Nous devons nous rafraîchir au sujet des mamans qui boivent pendant la grossesse – ou faisons-nous?

J’étais enceinte de mon deuxième fils, et nous étions en vol de fin de nuit à la maison après avoir visité des amis à mi-chemin à travers le pays. Je n’ai jamais été le voyant le plus confiant, et la grossesse n’a fait que pire. Et si quelque chose m’est arrivé ou le bébé pendant que nous étions dans l’air? Un verre de vin aurait été ma source normale de réconfort dans l’avion, mais en tant que femme (visiblement) enceinte, j’étais hors des options. Bientôt, je me suis senti piégé, essoufflé et chaud alors que la panique traversait mon corps. J’avais deux choix: Demander au pilote d’atterrir l’avion, de prendre quelques gouttes de vin et de prier pour que l’anxiété diminue. J’ai opté pour ce dernier, puis je suis fondu dans mon siège calmement jusqu’à ce que nous avons atterri.

À mon prochain rendez-vous OB, j’ai demandé à mon médecin ce qu’elle pensait boire pendant la grossesse. J’ai trouvé sa réponse vague: les attaques de panique cohérentes ne sont pas les meilleures pour les mamans ou les bébés, et la consommation de boisson n’est pas aussi bonne. Mais l’alcool limité dans un moment de panique devrait être bien. Et je suppose que c’était … mon fils est né fort et en bonne santé quelques mois plus tard, en dépit (ou grâce à?), Le nombre de demi-lunettes que j’ai consommé en tant que recours de dernier recours pour les attaques de panique.

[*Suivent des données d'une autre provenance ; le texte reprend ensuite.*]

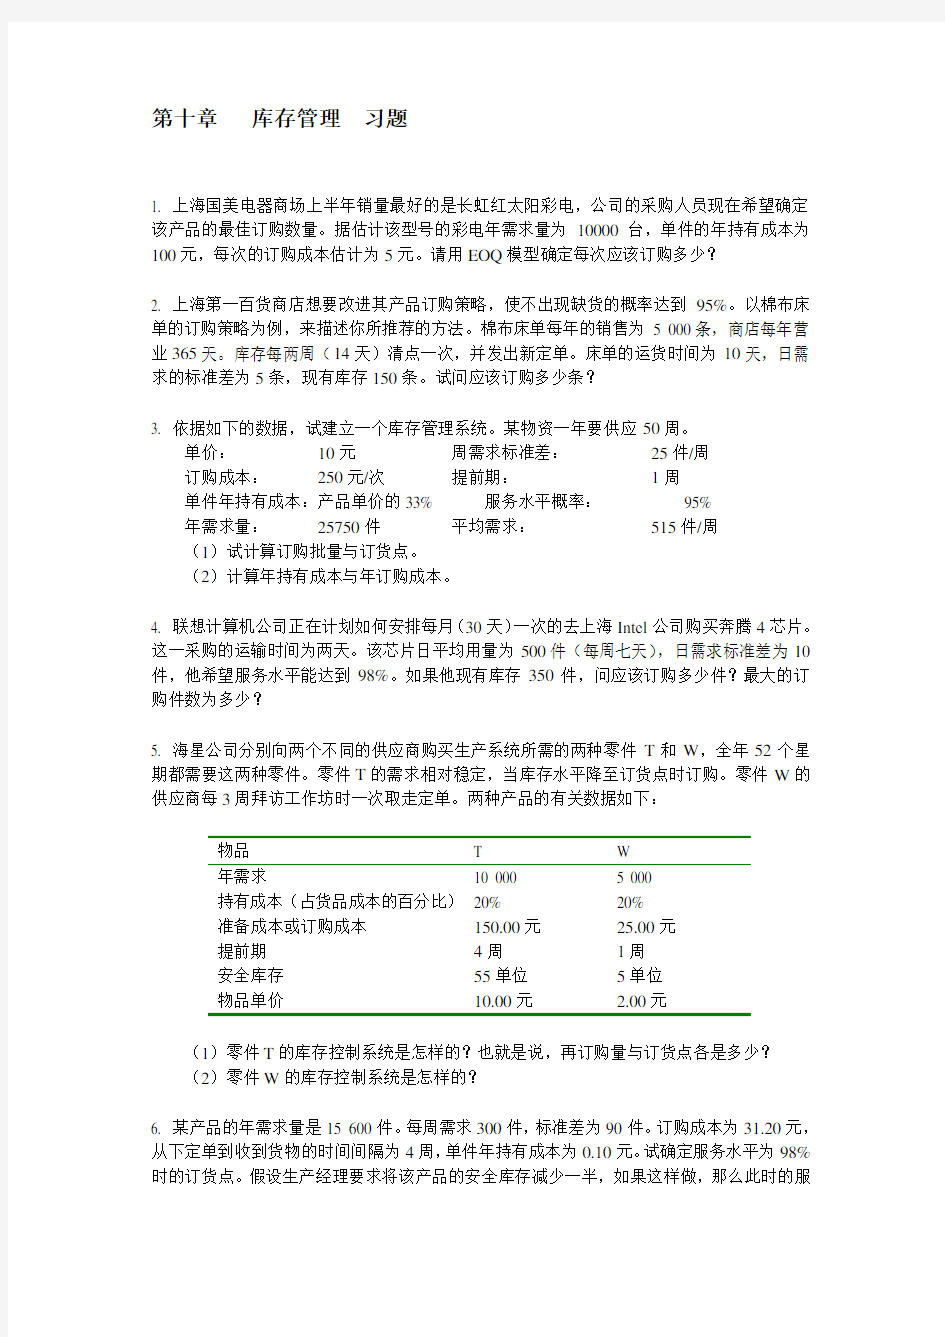 上海交通大学【库存管理】安泰经济与管理学院《运营管理》习题

La consommation légère pendant la grossesse a été mon choix éduqué, un risque que je voulais prendre compte tenu de l’anxiété débilitante et quotidienne que j’ai éprouvée. Mais il était délicat pour moi de trouver une réponse directe sur la question de savoir si c’était pas grave pour moi et pour mon bébé. Les réponses variaient en fonction de qui (et quand) j’ai demandé.

Officiellement, la plupart des médecins et des sages-femmes dont j’ai parlé au cours de mes deux grossesses étaient clairs, éviter toute consommation d’alcool est l’option la plus sûre. Il vaut mieux être en sécurité que désolé, ils impliqueraient. Mais officieusement – hors du dossier – il semblait que si l’alcool était le moindre de deux maux, il ne serait probablement pas nuire à mon enfant en développement. À la fin, j’avais l’impression que c’était à moi.

Compte tenu de leur obligation envers la santé et la sécurité de mon (et de mon bébé), les médecins et les sages-femmes dont j’ai parlé ont tenu les directives nationales officielles sur l’alcool pendant la grossesse. L’approche traditionnelle de la consommation d’alcool chez les mères enceintes est conservatrice, en grande partie parce que les recherches menées au cours des 30 à 40 dernières années ont eu des effets sur l’alcool au syndrome d’alcoolisme fœtal (FAS), l’accouchement prématuré, la mortinaissance et même le syndrome de mort subite du nourrisson (SIDS).

Le chirurgien général, le CDC et l’American Academy of Pediatrics recommandent de s’abstenir complètement d’alcool, car les études n’ont pas déterminé unprécisUne quantité sûre d’alcool à consommer pendant la grossesse. Pourtant, “j’ai bu pendant la grossesse et mon bébé est bien”, les articles continuent à se ressaisir, repoussant les lignes directrices traditionnelles aux côtés d’études récentes démontrant que la consommation légère ne devrait pas affecter négativement les bébés en développement.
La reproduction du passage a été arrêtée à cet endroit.